Hapeles
- Front page of Hapeles, with reference to an English language article - "Build more jails"
- Type: Daily newspaper
- Format: Tabloid
- Editor: Natan Zeev Grossman
- Founded: 2012
- Political alignment: Jerusalem Faction
- Country: Israel

= Hapeles =

Hebrew-language daily newspaper published in Jerusalem

Hapeles (הפלס – The Leveler) is a Hebrew-language daily newspaper published in Jerusalem. Like other Haredi newspapers, it is not published on Shabbat (the Jewish Sabbath), but, instead, is put out as an expanded weekend edition.

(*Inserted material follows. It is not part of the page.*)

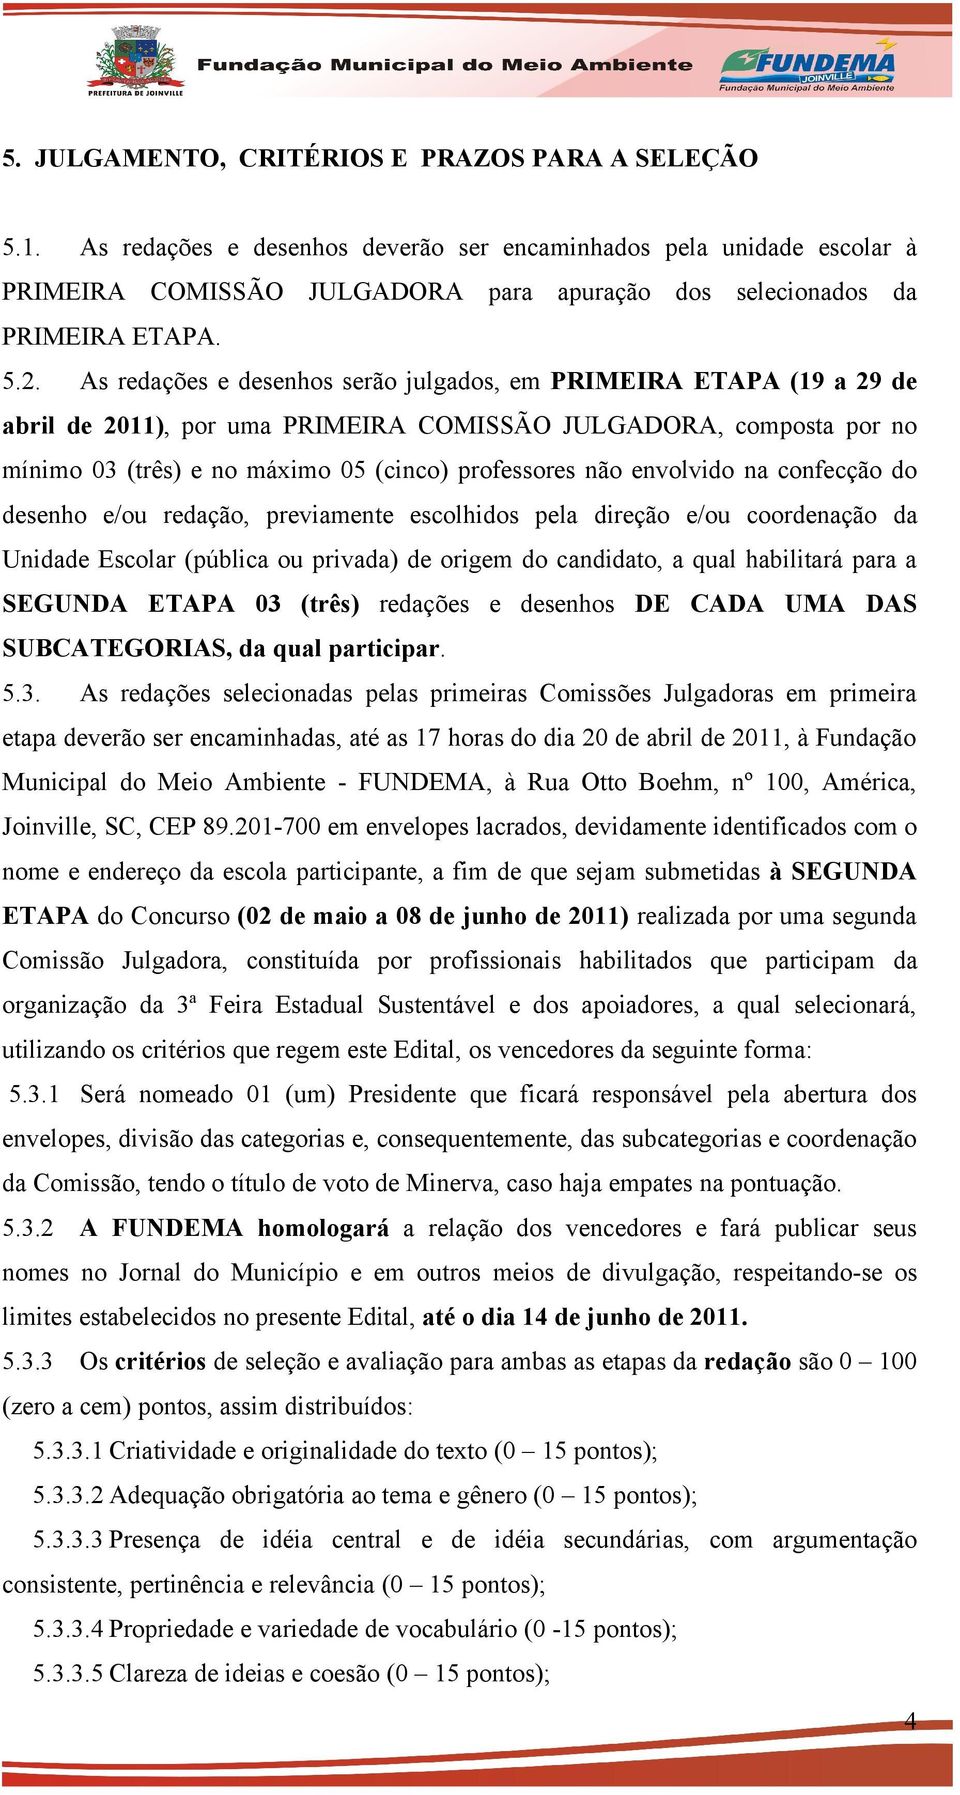 As redações e desenhos serão julgados, em PRIMEIRA ETAPA (19 a 29 de abril de 2011), por uma PRIMEIRA COMISSÃO JULGADORA, composta por no mínimo 03 (três) e no máximo 05 (cinco) professores não

Hapeles was founded through the encouragement of Shmuel Auerbach, leader of the Jerusalem Faction, an Israeli-Haredi political organisation.

==History==
Hapeles is a continuation of the ideology underlying line adopted by the founders of the newspaper Yated Ne'eman. Yated Ne'eman was part of a broad initiative to create communal organizations to serve the Lithuanian Torah community. Yated Ne'eman rejected secular life and displayed an ambivalent attitude towards the State of Israel and Zionism. They recognized them as a de facto political entity, but denied that Zionism was the destiny of the Jewish people. Instead the newspaper emphasized pious observance of the mitzvot of the Torah and Jewish law.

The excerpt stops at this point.